**WORK TASK:** What is needed is an exact copy of the data below, pictures excluded.

**SUPPLIED MATERIAL:**

* * * * * * *

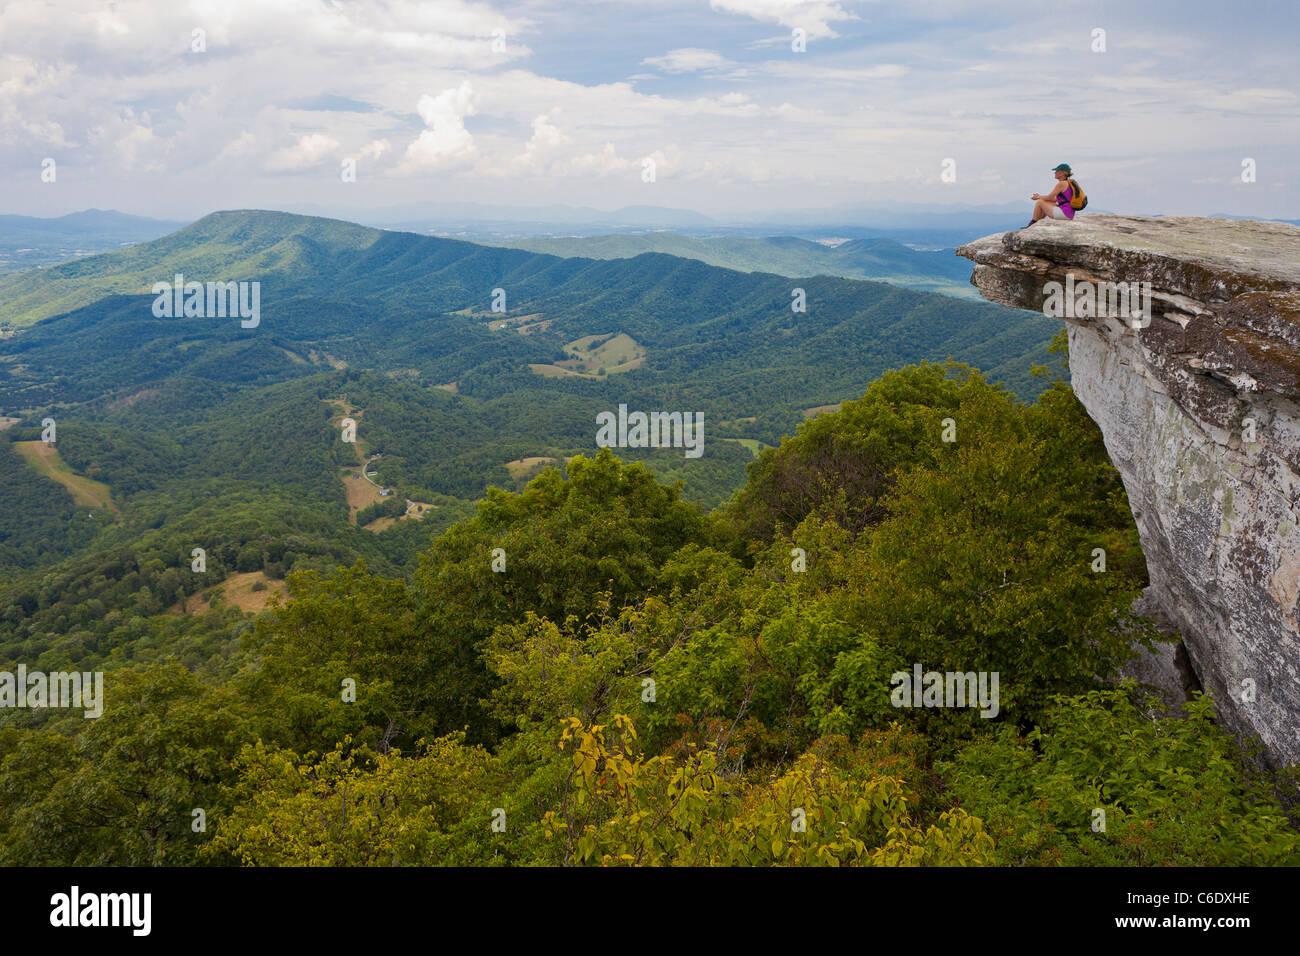 APPALACHIAN TRAIL, VIRGINIA, USA - Woman hiker at McAfee Knob on Catawba Mountain, near city of Roanoke. - Stock Image
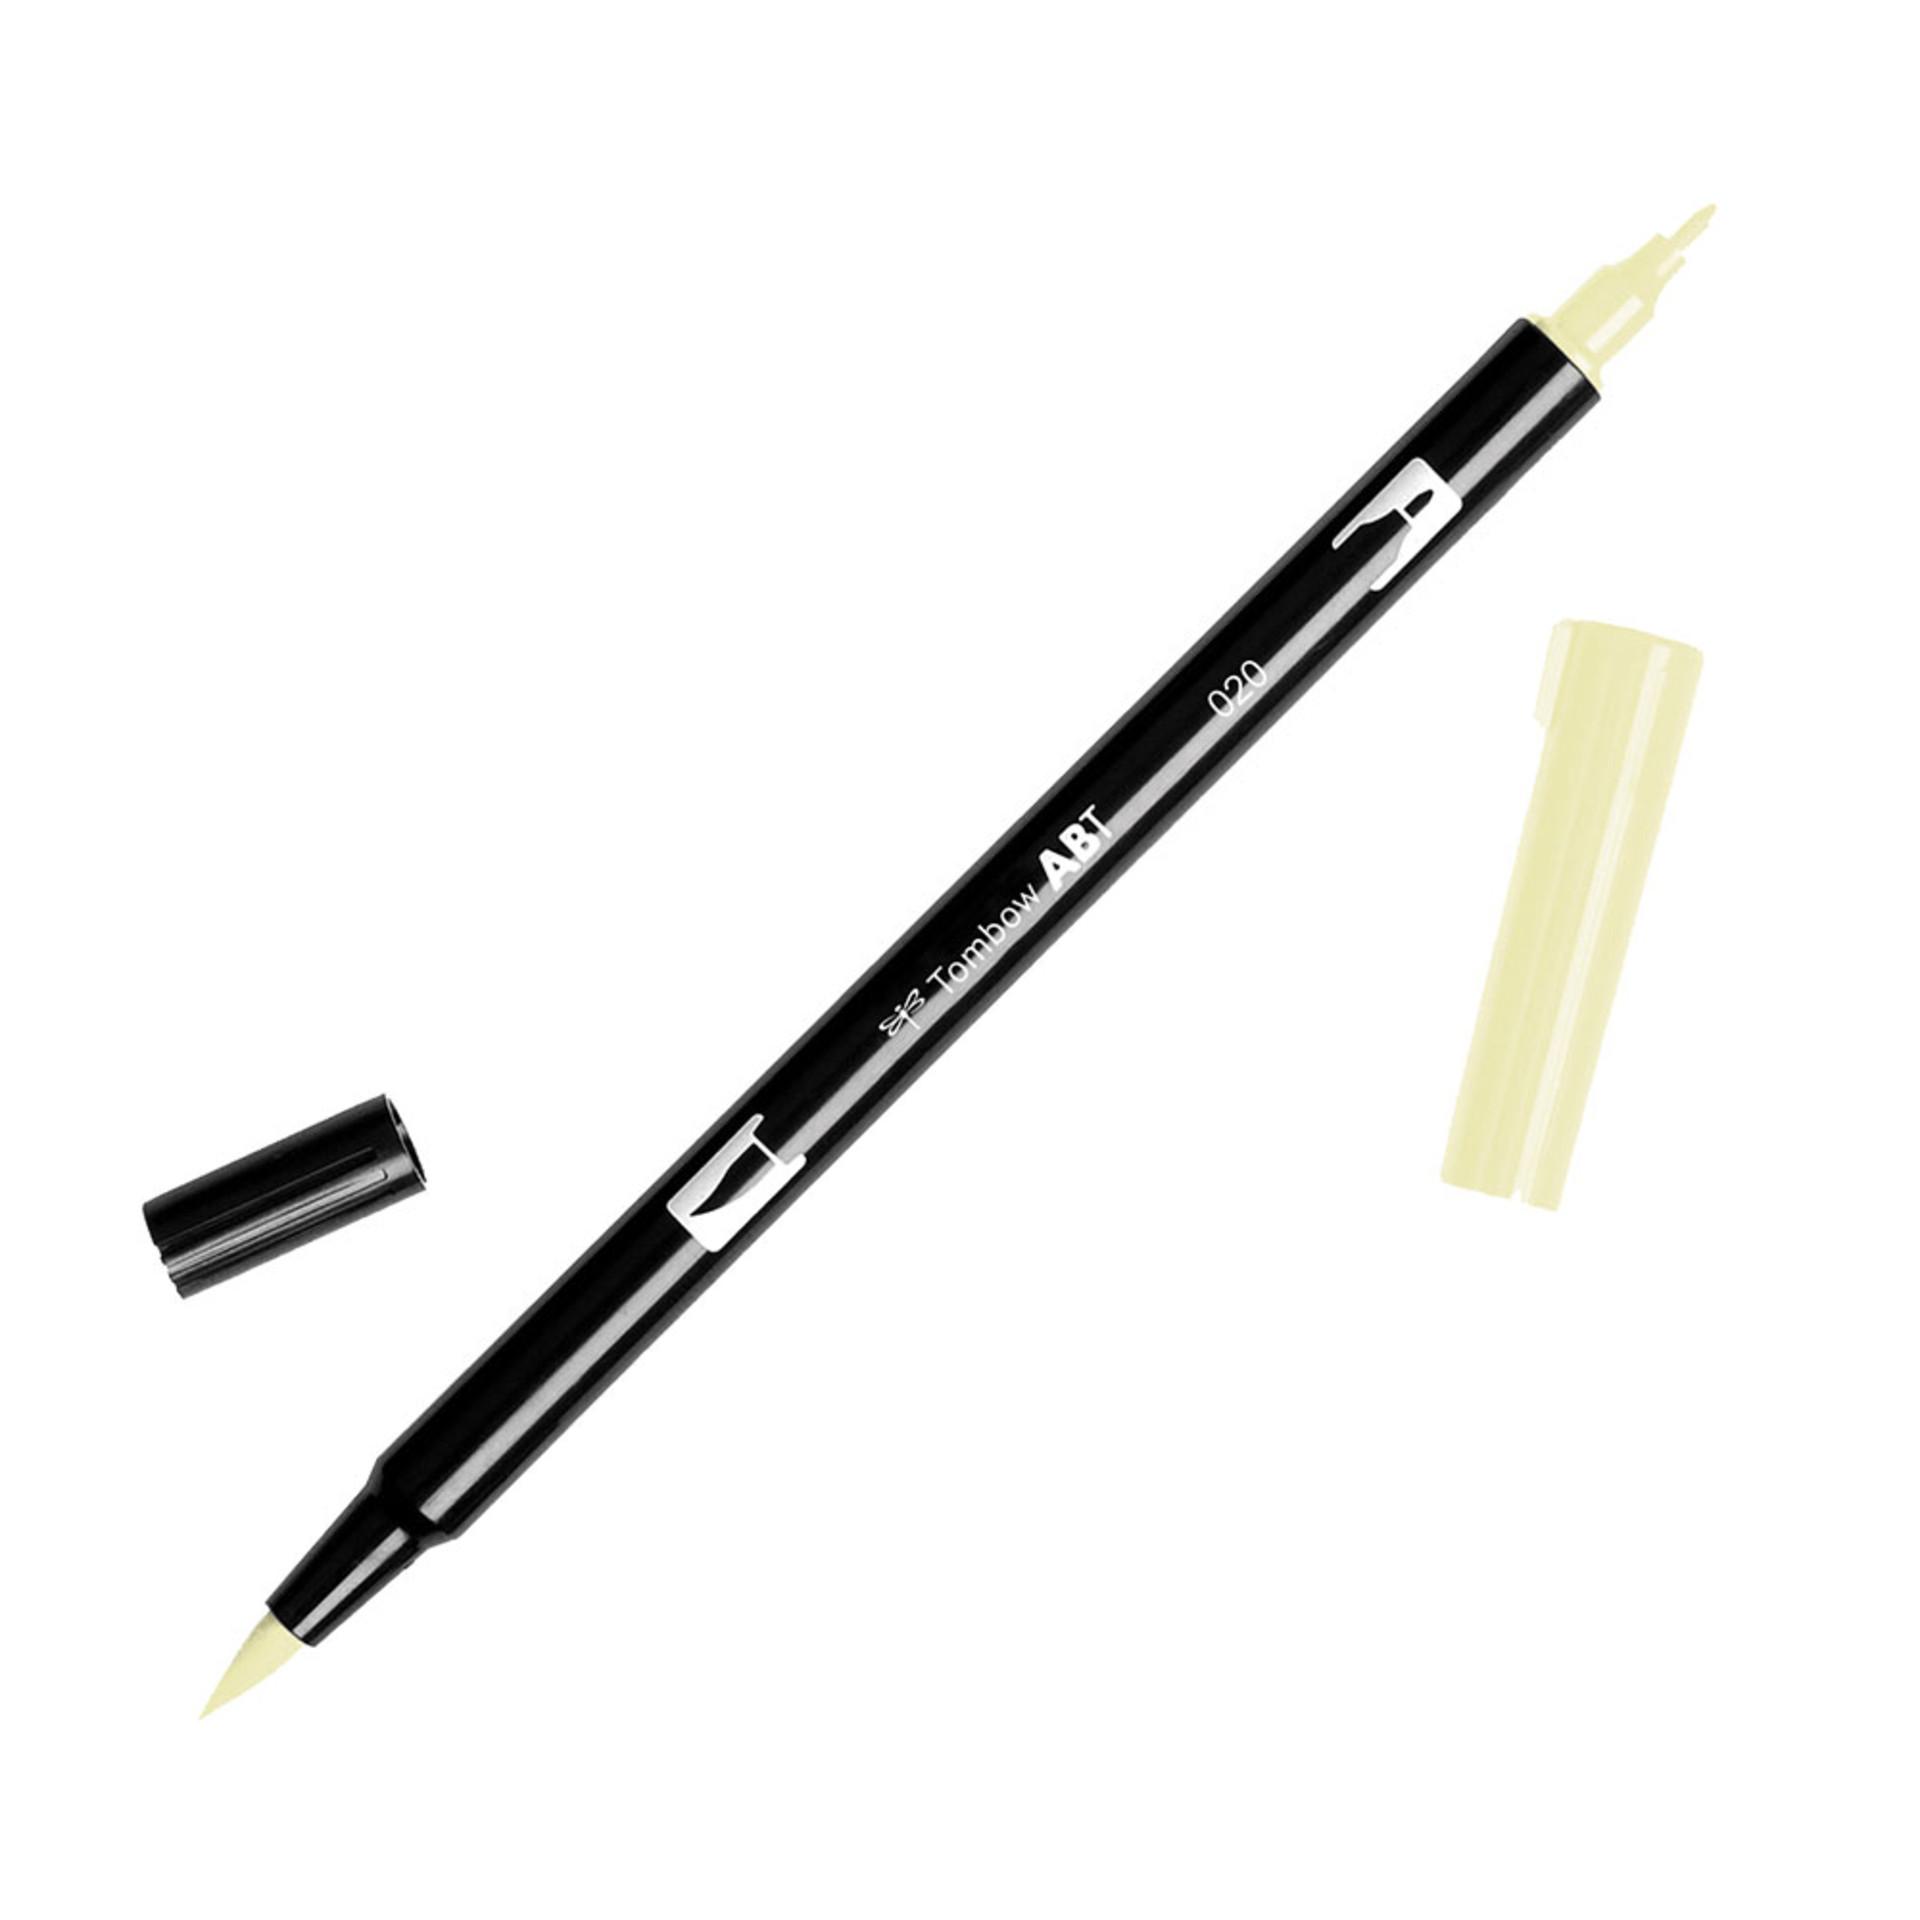 Tombow Dual-Tip Brush Marker Pen – Peach
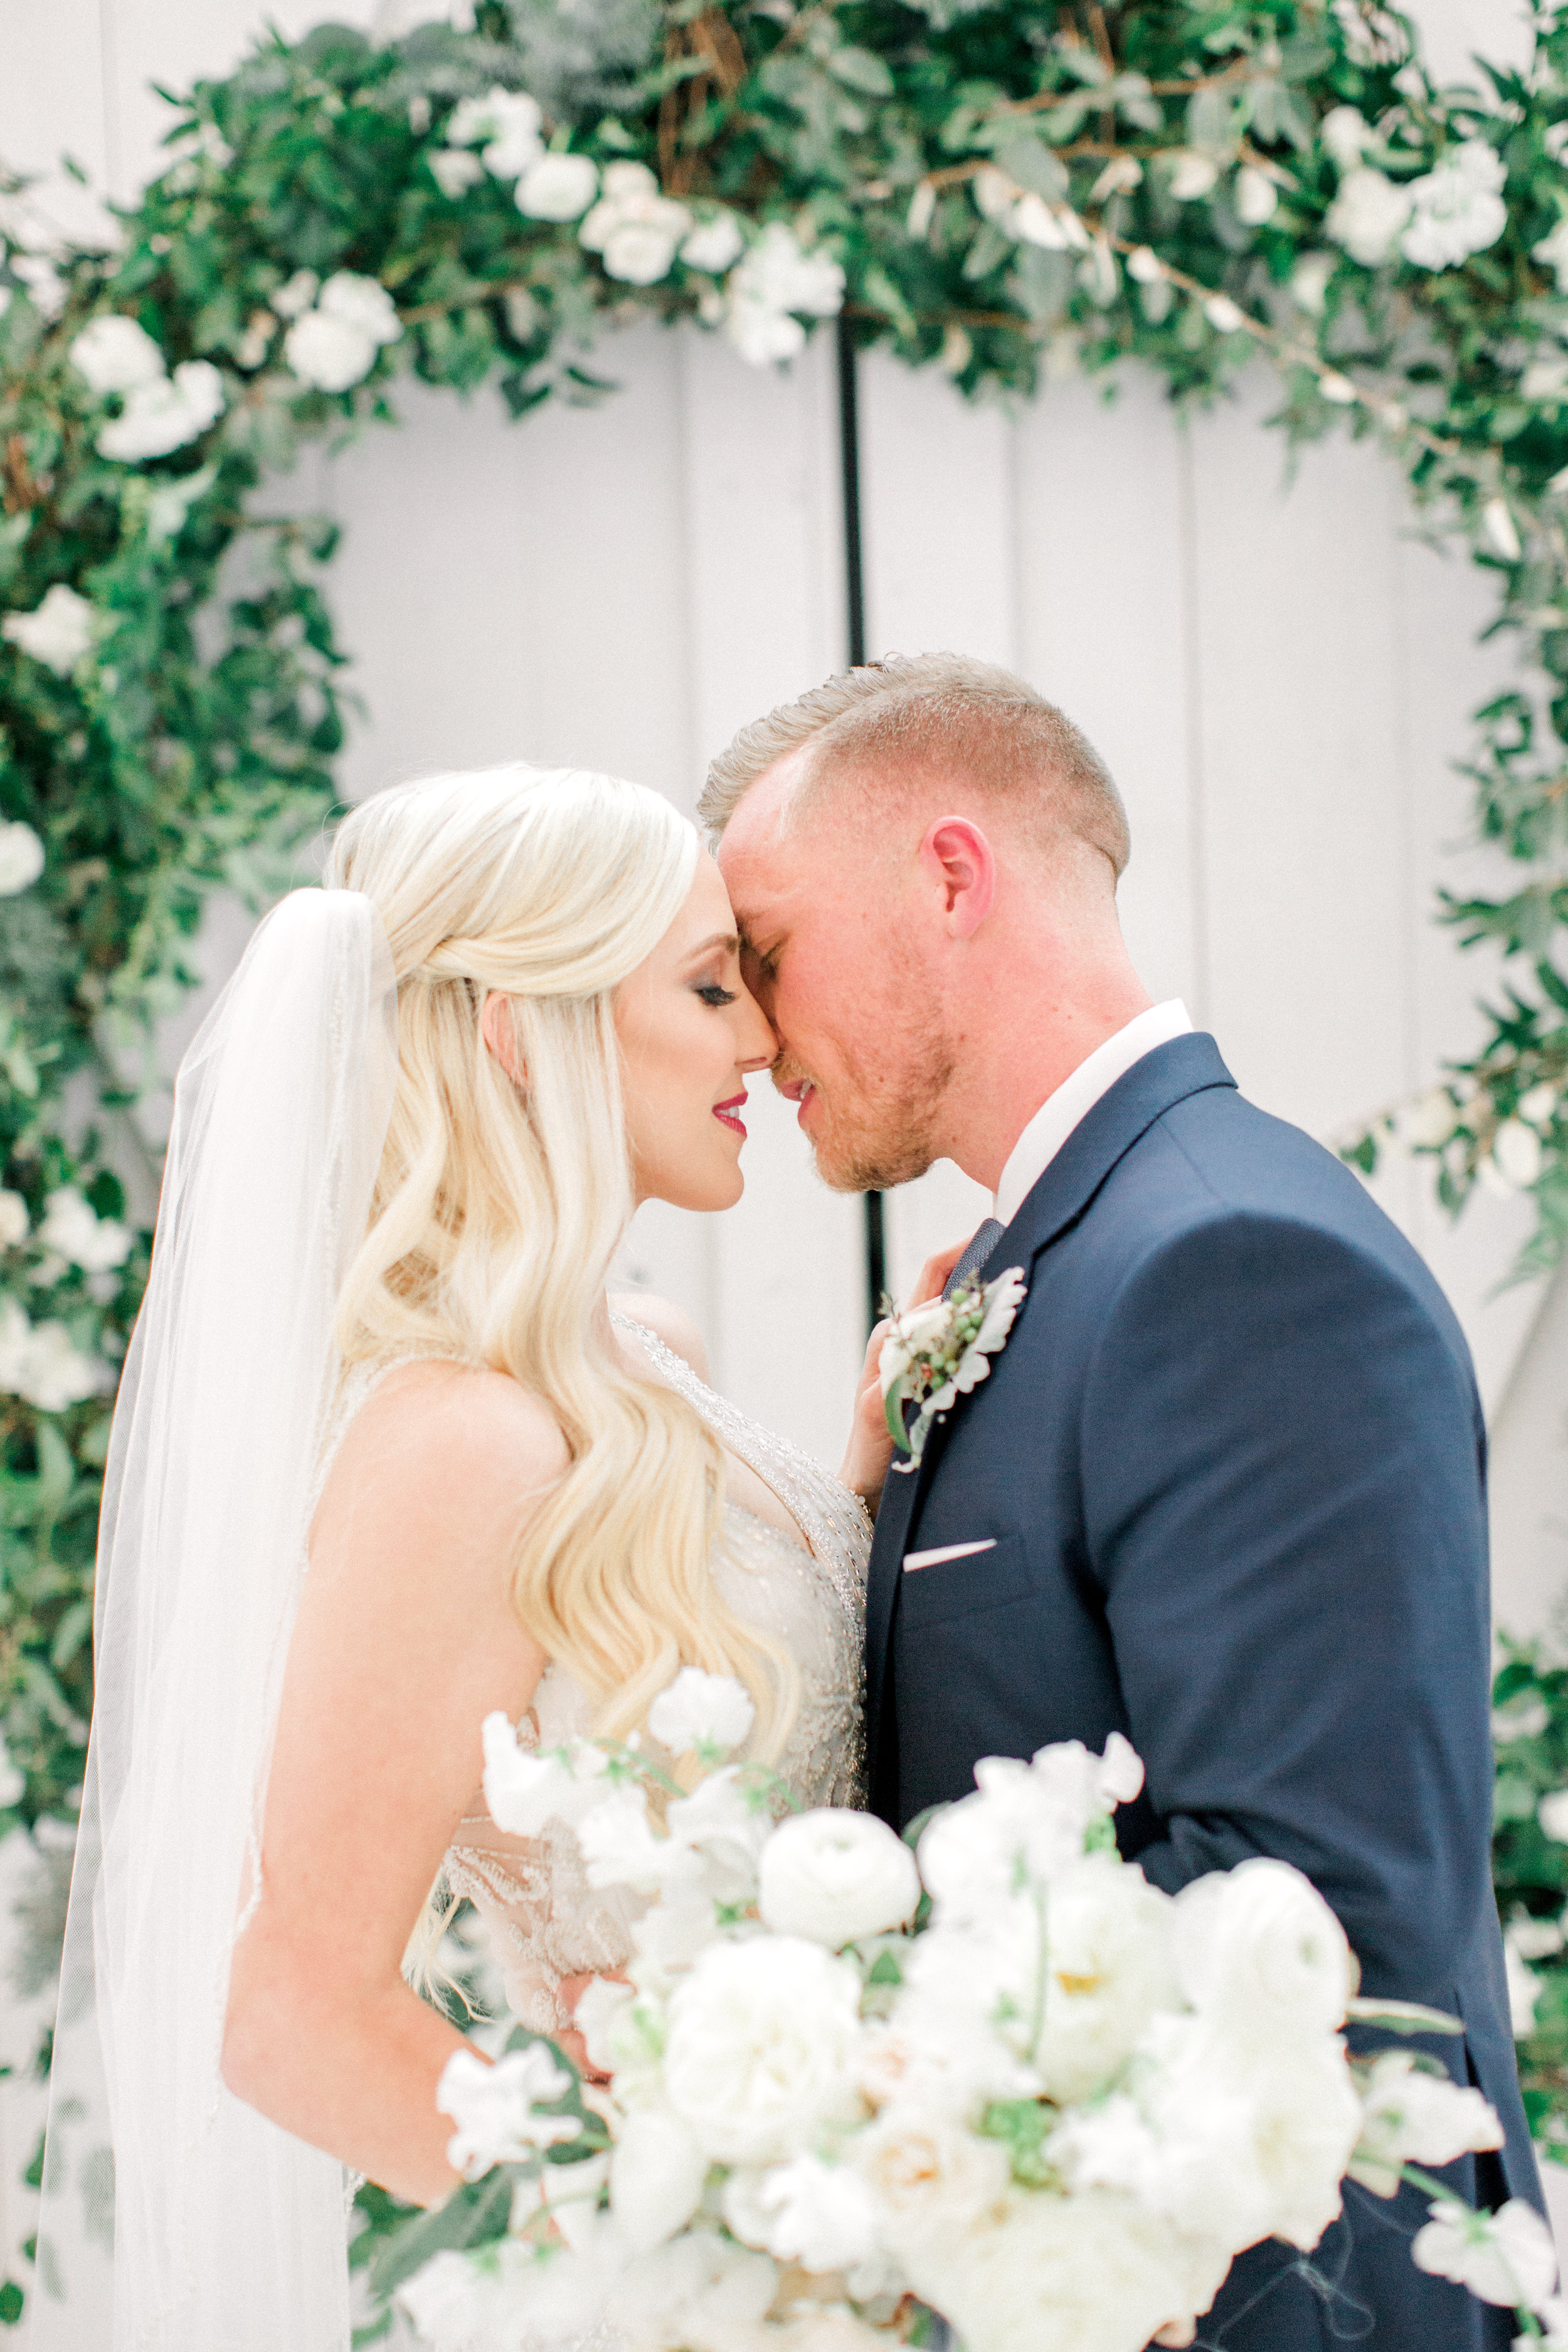 Chloe+Austin Wedding_642.JPG

* * * * * * *

**THE ANSWER:**
 APPALACHIAN TRAIL, VIRGINIA, USA - Woman hiker at McAfee Knob on Catawba Mountain, near city of Roanoke. - Stock Image
 Tombow Dual-Tip Brush Marker Pen – Peach
 Chloe+Austin Wedding_642.JPG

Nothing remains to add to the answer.